Lately, he's been rethinking his image. "I don't mean to compare myself to them, but Red Skelton, Jackie Gleason are people for me to admire, even Carol Burnett. They got silly. You get silly doing sketches. But you don't picture them doing stand-up or a monologue. There was always some kind of acting piece."
Next, he'd like to do a pop star's life story, maybe Springsteen's or his idol, Frank Sinatra's. Piscopo, who used to imitate Ol' Blue Eyes on "SNL," joined Sinatra on "Solid Gold" at the invitation of guest host Sinatra a month ago. "He called me 'baby.' 'Okay, Joe, baby, I'll see you later.' And I stopped in my tracks. It was so cool. Being Italian and living in New Jersey. He was more important than the pope back then. Frank Sinatra's picture was above the pope's."
A Parting Shot
DeVito drifts off while his costar talks. He's unnervingly quiet, suddenly tired. Piscopo and his girlfriend, Bach, have been itching to leave since before they got here. But the photographer asks for a few more pictures, and suddenly DeVito's stirred up again.
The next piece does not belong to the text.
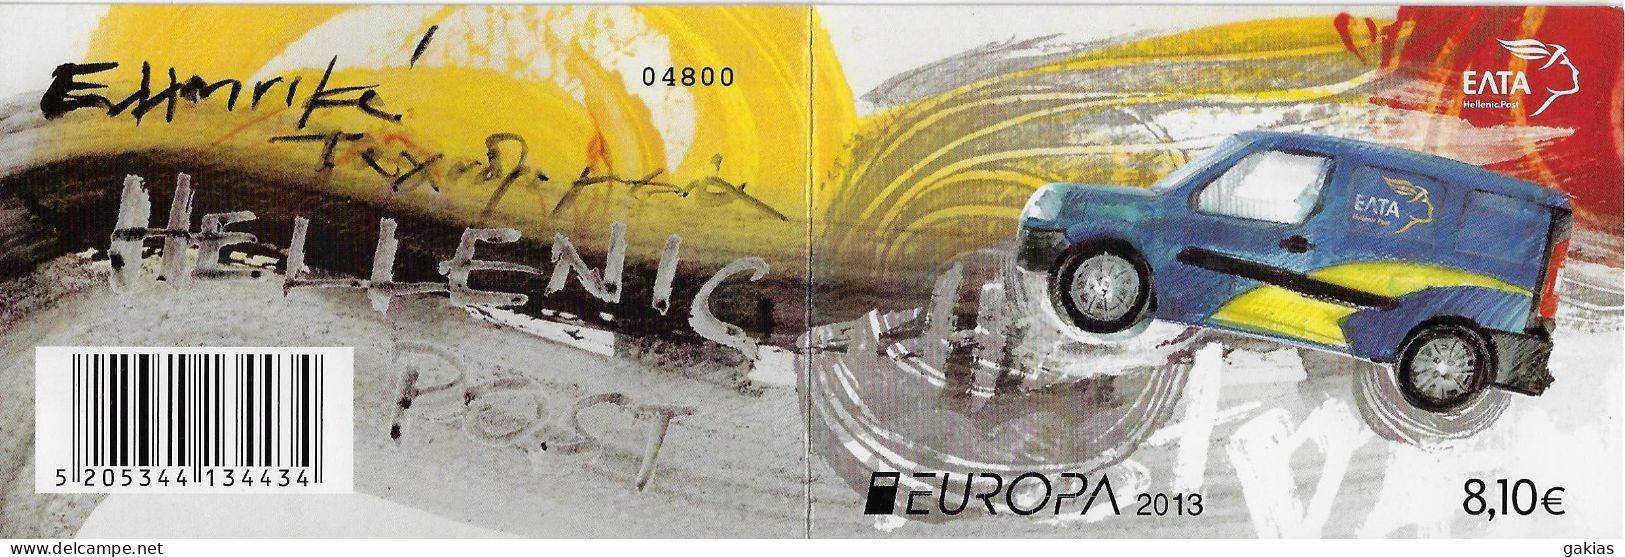 GREECE 2013 "EUROPA-CEPT", 2 Sets In Booklet, 2 Side Perforation, MNH/**. - Unused Stamps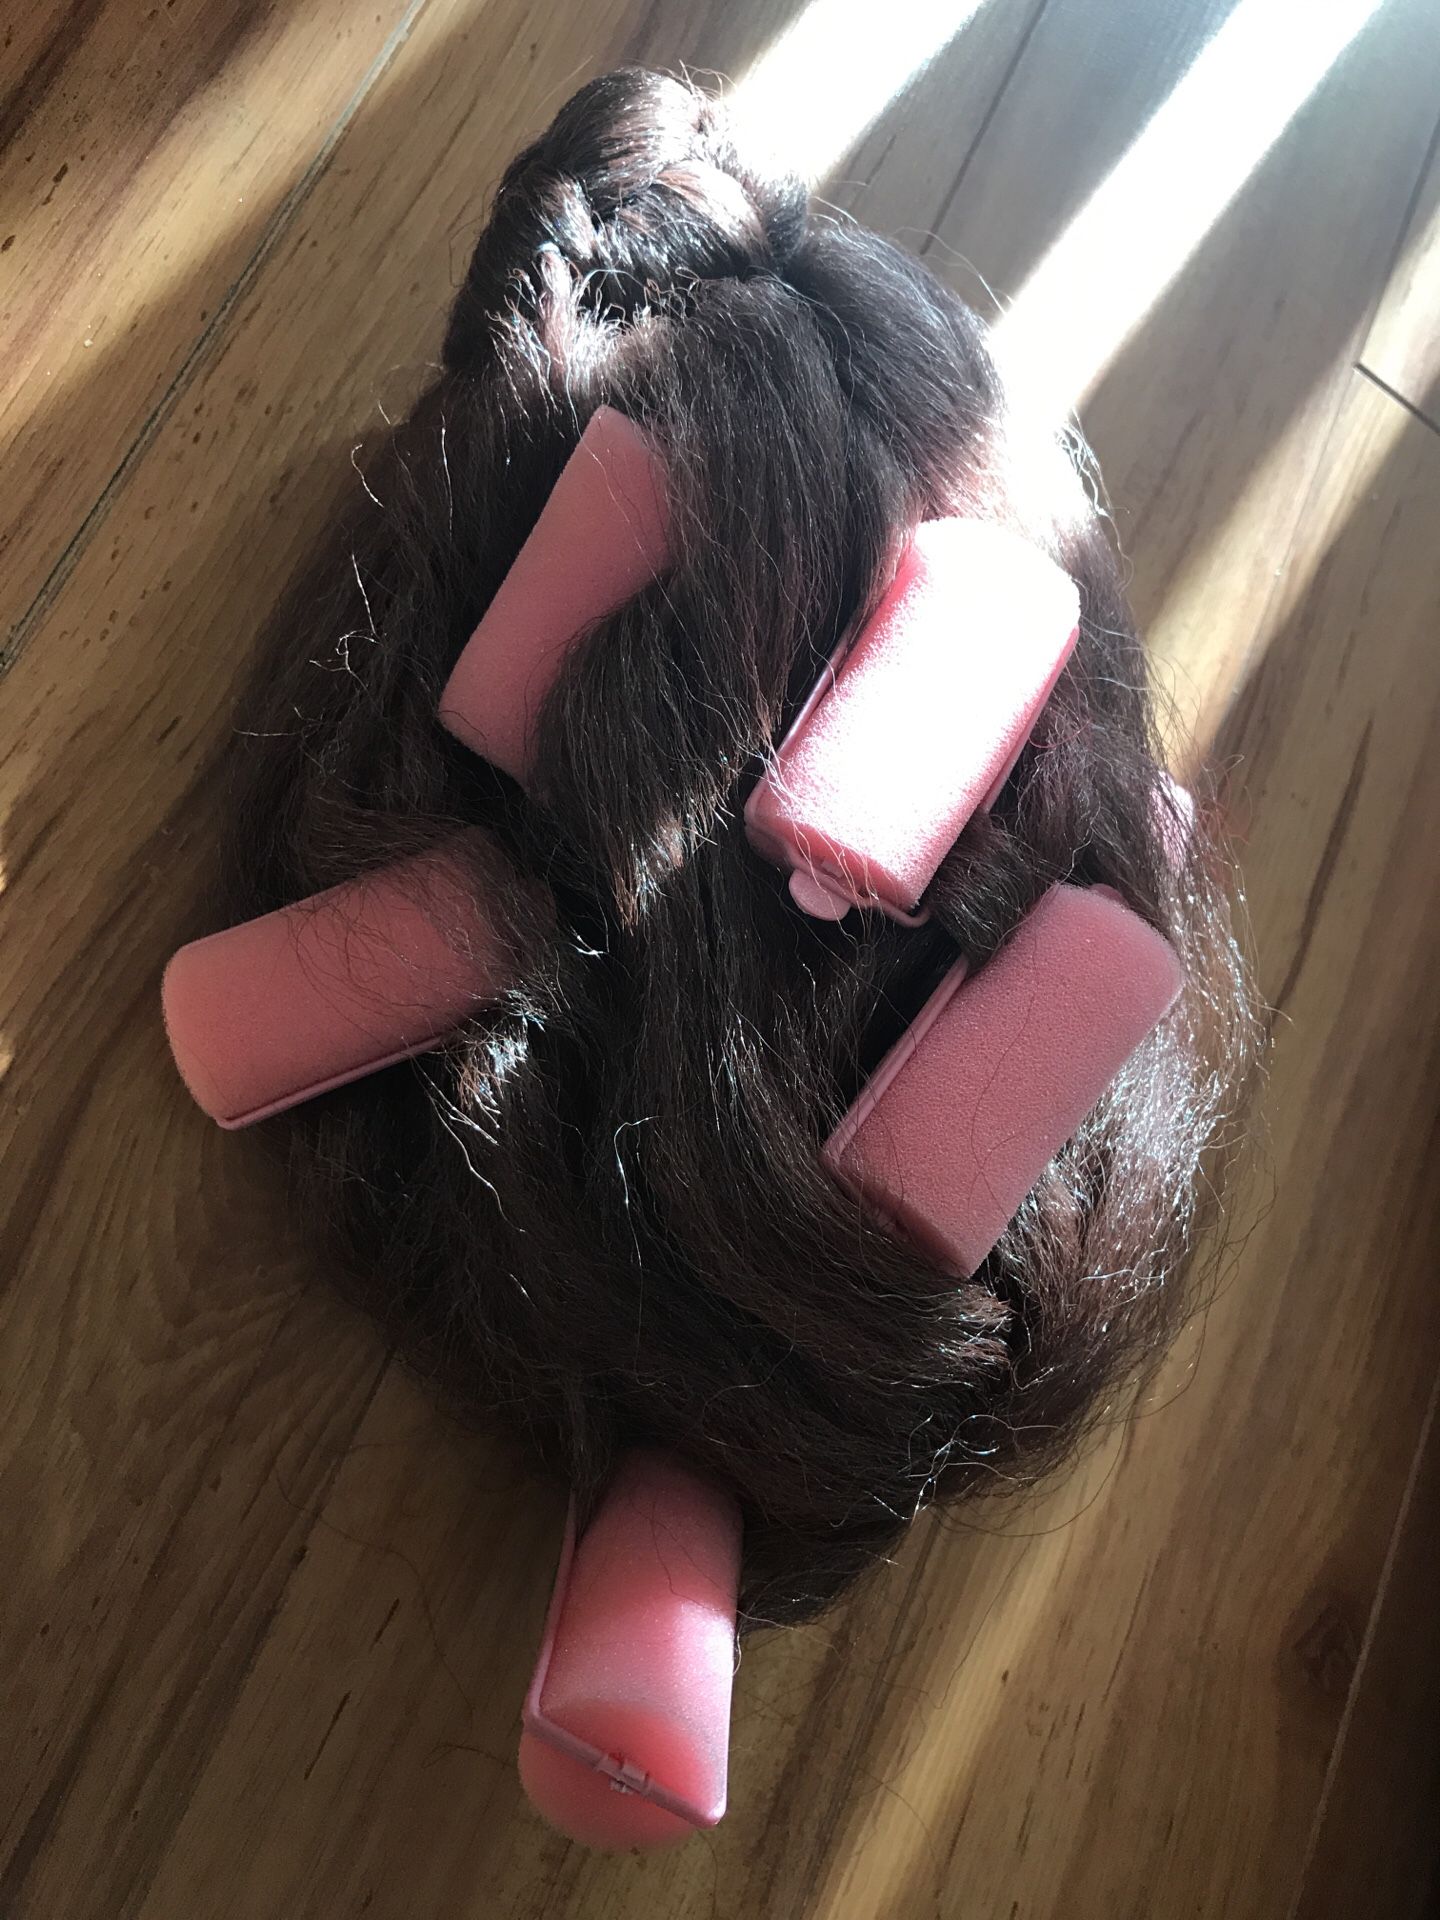 Old lady wig - hair in rollers / curlers

He sits on the arm of the sofa, razzing the photographer. "You want a couple of more pictures? You've been taking pictures for an hour . . . There are going to be two noises in a minute. Me hitting you. And you hitting the floor."
Piscopo nestles back into the sofa and looks up into DeVito's eyes. DeVito's unnerved at being this close to another guy. "Ma'm, ma'm," he cries, "He blew in my ear -- he's mauling me."
Bach makes goo-goo eyes at Piscopo over DeVito's shoulder. When it's done, Piscopo turns to Bach and they embrace somewhat desperately. DeVito can't resist a last hit.
"You can use the room if you want," he says to the lovers. "I won't be needing it for the rest of the afternoon.